01:40 That's an insane amount.

01:41 And so they've got a lot of Python code that has to be converted to Python 3.

01:45 And this is from their Athena trading platform, which is at the core of their business operations, right?

01:51 So they got a late start to migrating Python 3.

01:54 And people are pointing out this could be a security risk for them, right?

01:57 Like we saw what happened with Equifax and some outdated things there.

02:02 Like who knows what the risks are?

02:04 I think it's probably less than something like the web frameworks that were out of date at other places.

02:09 But yeah, they have a lot of stuff that has to be migrated.

02:13 And internally, they use Python for pricing, trading, risk management, analytics, and even machine learning.

02:19 So just to look at some stats from this project, the feature set utilizes 150,000 Python modules, over 500 open source packages, 35 million lines of Python code contributed by 1,500 developers.

02:35 Okay.

02:36 So they got a big team.

02:37 That's a huge scale.

02:38 And by the way, I wonder how much JPMorgan Chase is contributing back to those 500 open source projects.

02:44 Hopefully some.

02:45 All right.

02:45 Now, it says they're going to miss the deadline, right?

02:48 That most of the strategic elements are going to be in place by Q1 2020.

02:53 But they can't do it all.

02:55 And I know it's probably like a good roadmap for folks, right?

02:58 They don't have to upgrade it all and then release that new thing, right?

03:02 They can upgrade elements at a time.

03:03 Yeah.

03:04 And there's a lot of great stories on how folks have done that.

03:06 I think probably the Instagram project was the most awesome one I've seen where they didn't even branch, right?

03:13 They just found a way to seamlessly move from Python 2 to 3 while still running on 2 and then finally flipping the switch.

03:18 Here's another one I thought you would find interesting, though.

03:21 They have some other stats.

03:23 You know, on your projects, how often do you commit code?
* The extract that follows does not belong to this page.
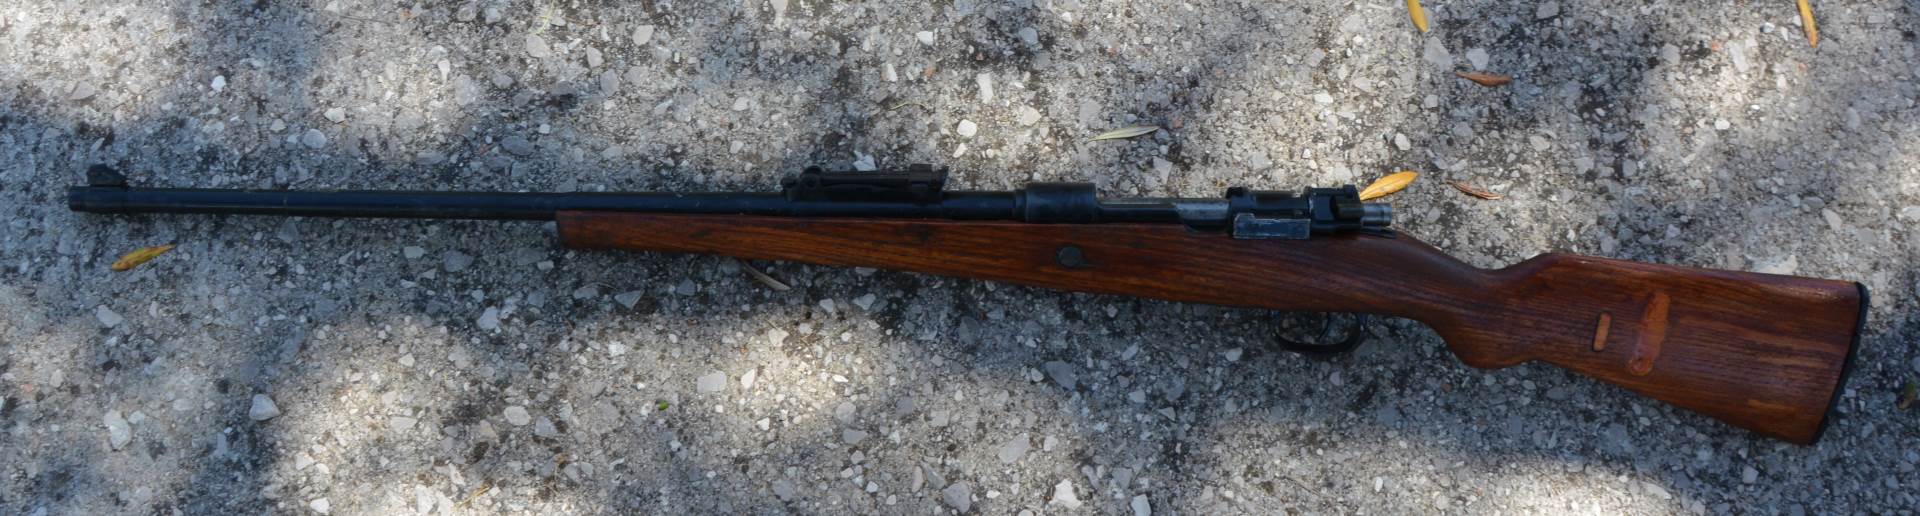  U Herceg Novom pronađena puška u ilegalnom posjedu

03:26 It's like once a week, once a day, once an hour.

03:29 Yeah, several times a day.

03:30 Yeah.

03:30 I'm kind of the same.

03:31 I do that.

03:32 And you guys don't really release stuff.

03:34 But like say the Python Bytes website or the Talk Python training site, you know, those probably do some form of website release every other day.

03:44 Some sort of deploy, restart, like run through the whole deployment process.

03:48 So JP Morgan Chase uses continuous delivery with continuous integration, continuous delivery with 10,000 to 15,000 production changes a week.

03:57 That's amazing.

03:59 It's like mind blowing, isn't it?

04:00 Yeah.

04:01 Yeah.

04:01 So they're on it, I guess.

04:03 But it's just such a project of massive scale that it's hard to get your mind around and hard to find analogies.

04:10 So I'm sure there's a few other projects like this in the world, but it can't be many.

04:13 No.

04:14 Well, that's like one a second or faster.

04:17 It's constantly deployed.

04:20 It's got to be microservices and other stuff, right?

04:22 Otherwise, just like how would you go to the website?

04:24 How would you use the services?

04:24 Anyway, quite incredible.

04:27 All right.

04:27 Well, what you got for our next one?

04:28 This is just kind of a cool little tool called Organize.

04:31 And it was suggested from Ariel Barkin on Twitter.

04:35 And I took a look at this and I'm going to start using it right away.

04:39 So it's a Python-based file management automation tool.

04:43 And the idea is people are lazy with how they save files and download files and whatever.

04:50 And on my Mac, for example, all the screenshots just show up on the desktop.

04:54 And then, you know, occasionally I'll just take everything and lump them into a clutter folder or something.

05:00 But this is a tool where you can give it rules.

05:02 It's an EAML file.

05:04 And say, have it do things like move all your screenshots from the desktop into a screenshots folder.

05:10 Or look through all your downloads to look at the incomplete downloads that you canceled or something.

05:16 They're still sitting there.

05:17 And just trash those if they're older than, you know, a few days old or something.

05:21 Like doing things like removing empty files from certain folders like your download or desktop or other places.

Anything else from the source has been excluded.